The 4-H club held an event in March of 2020, just before the COVID-19 pandemic hit, to explain the importance of bees and why the Middleburg-Clay Hill Library would be a good home. The bees were originally going to be installed shortly after but because of COVID-19, the installation didn’t happen last week.

The bees are happy and buzzing at their new home now, though. The 4-H club used a $1,500 grant from several years ago to build a tall fenced-in square for the hive to reside. Two new garden beds also were installed. Other 4-H members and community members interested in the project showed up to help out.

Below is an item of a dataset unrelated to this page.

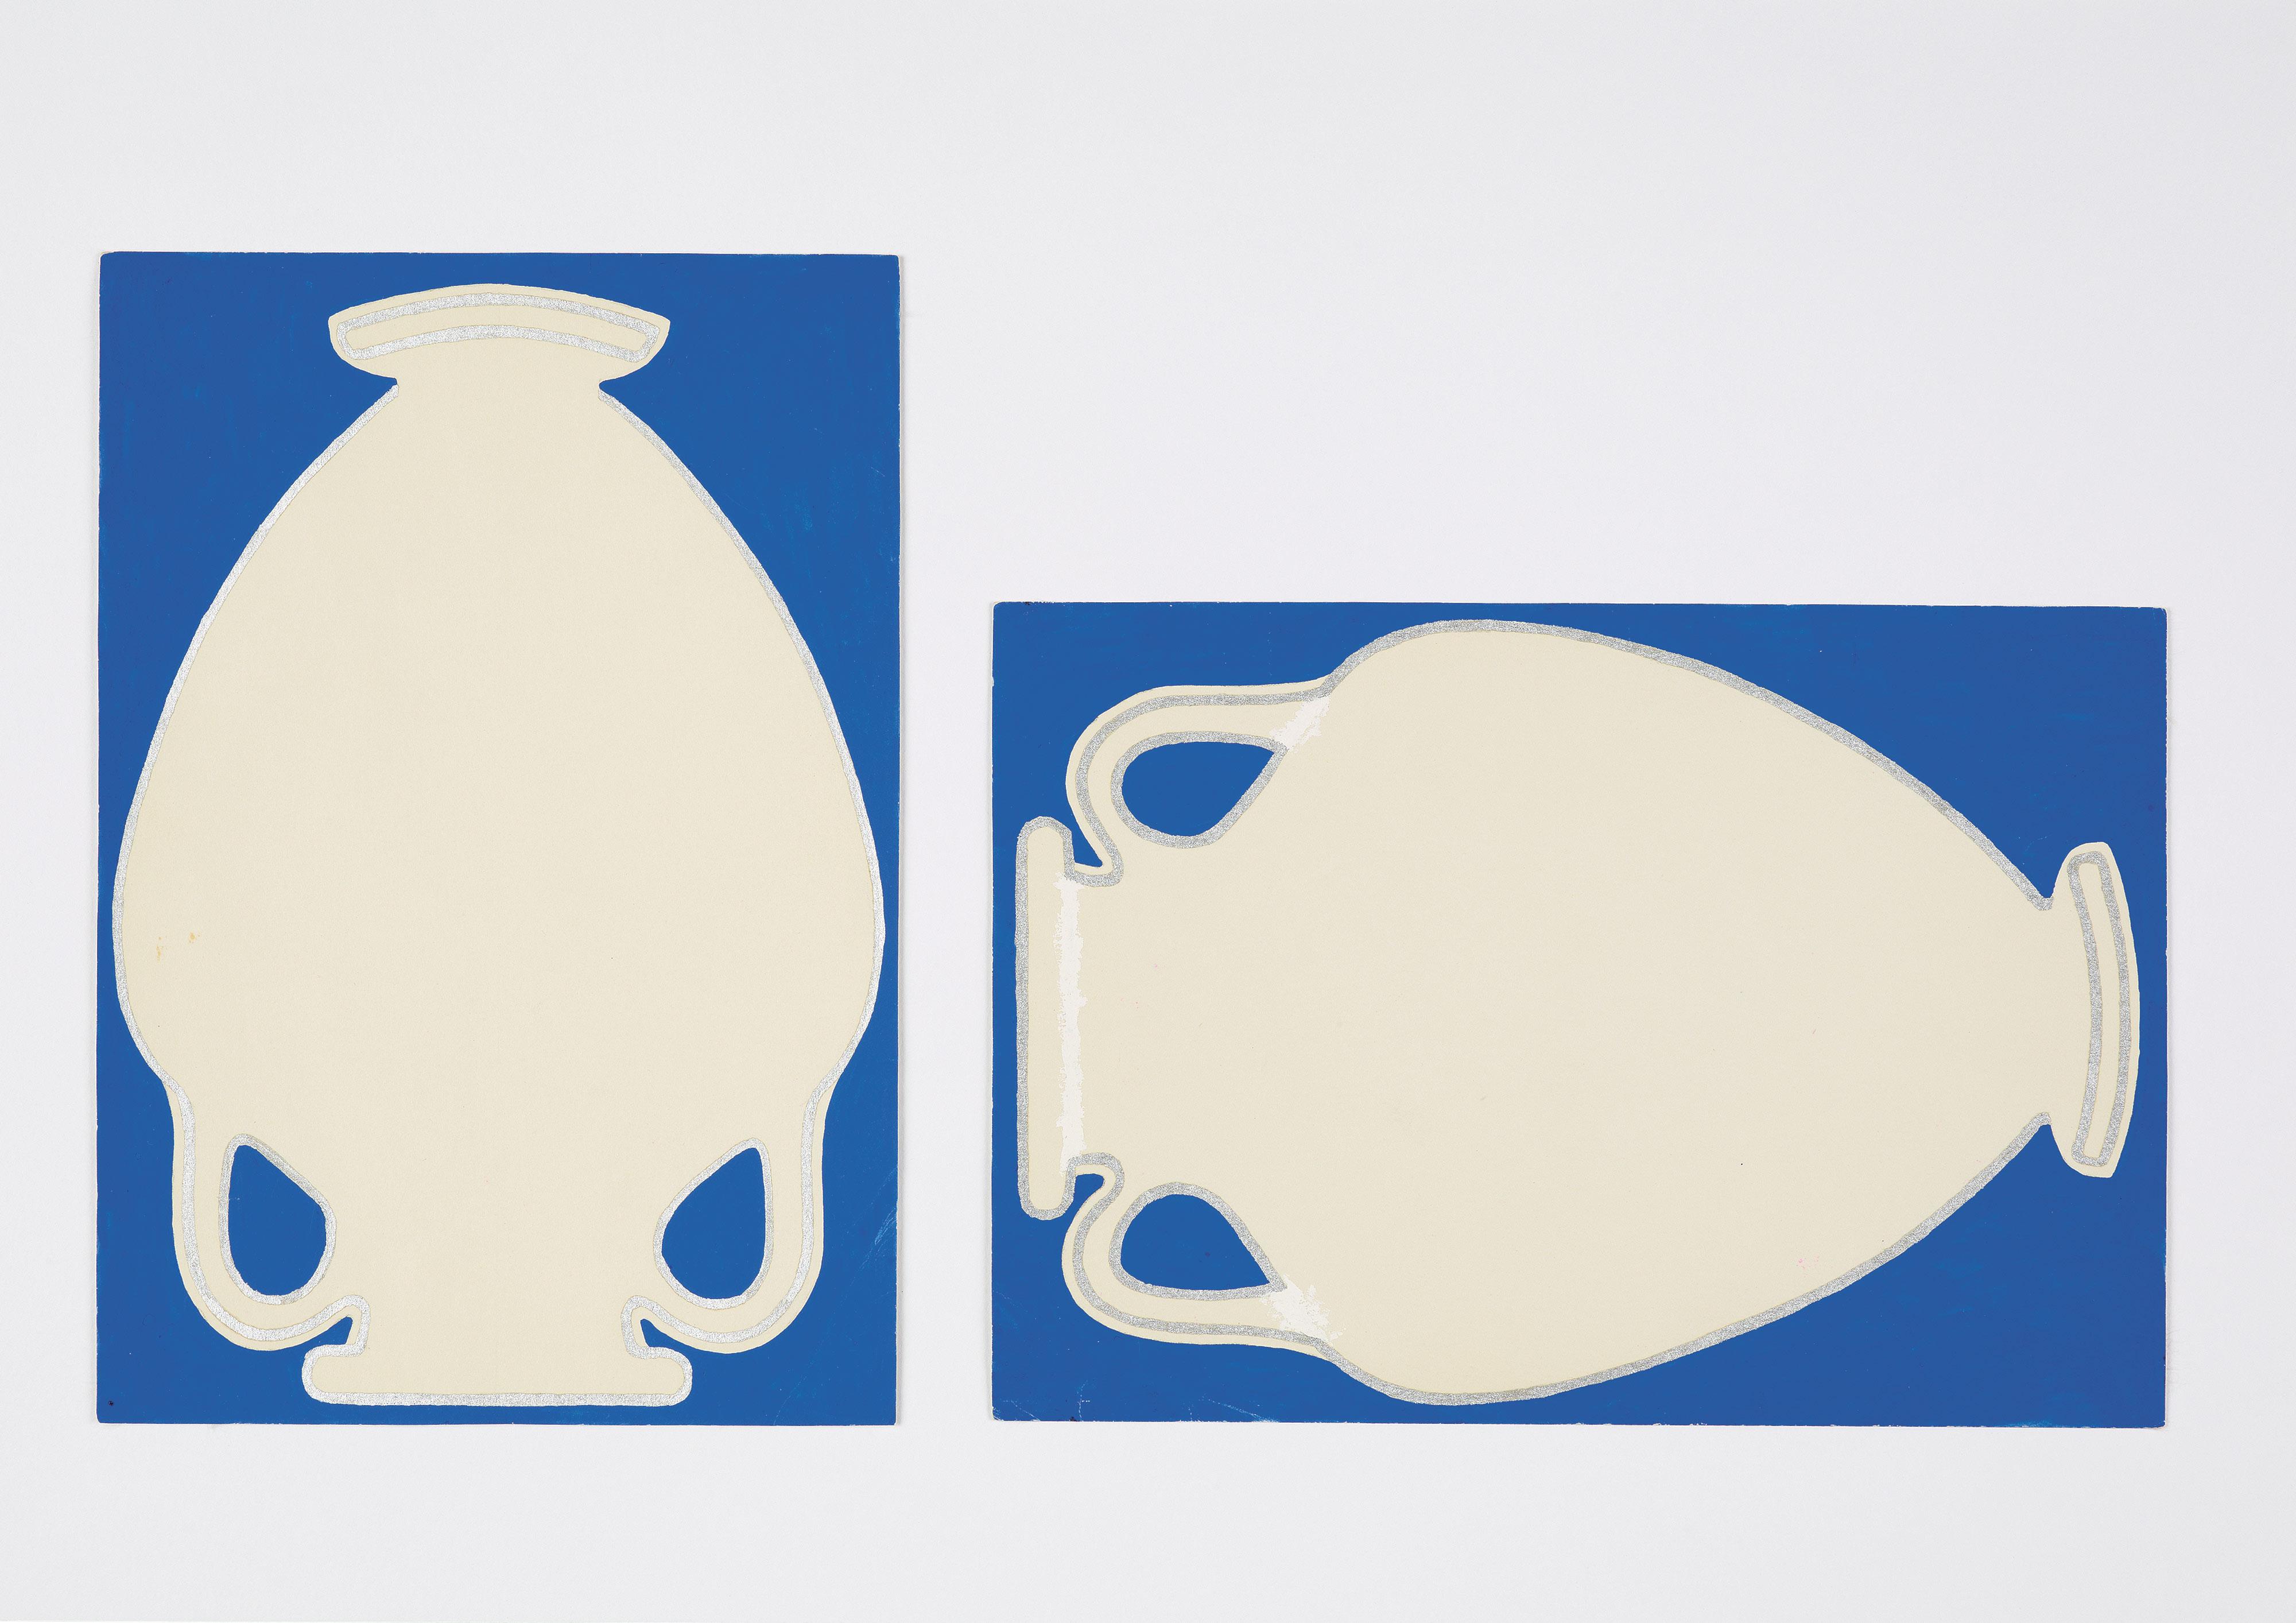 Galerie Barbara Thumm \ Jo Baer \ Untitled (1961 – 1962)

The hive is made up of 10 frames and a super, which is a section of the hive where the excess story will go when there’s an excess. The queen bee is stuck inside a sugar-coated cage that the bees will eventually eat through over the coming days. The idea was to give the bees time to acclimate to the queen and vice versa. When the sugar cage is no more, the queen will join the 10,000-plus bees at their hive.

When you look through the observation window in the fenced-in area, you will see a white box with bees. You’ll likely see bees flying over the fence to the nearby flowers, too. The queen and bees always are busy inside building the hive, and as the process continues, the bees will begin to form honey.

“It takes seven to eight pounds of honey to make one pound of beeswax,” Sieruta said. “They’ll have a strong hive in about a day and a half and in about two days, a good nectar flow will begin for the hive, and...honey comes after that.”

The Stingers encourage anyone and everyone to go to the library to check out their installation. It’s on the back of the library, and not visible from the main road.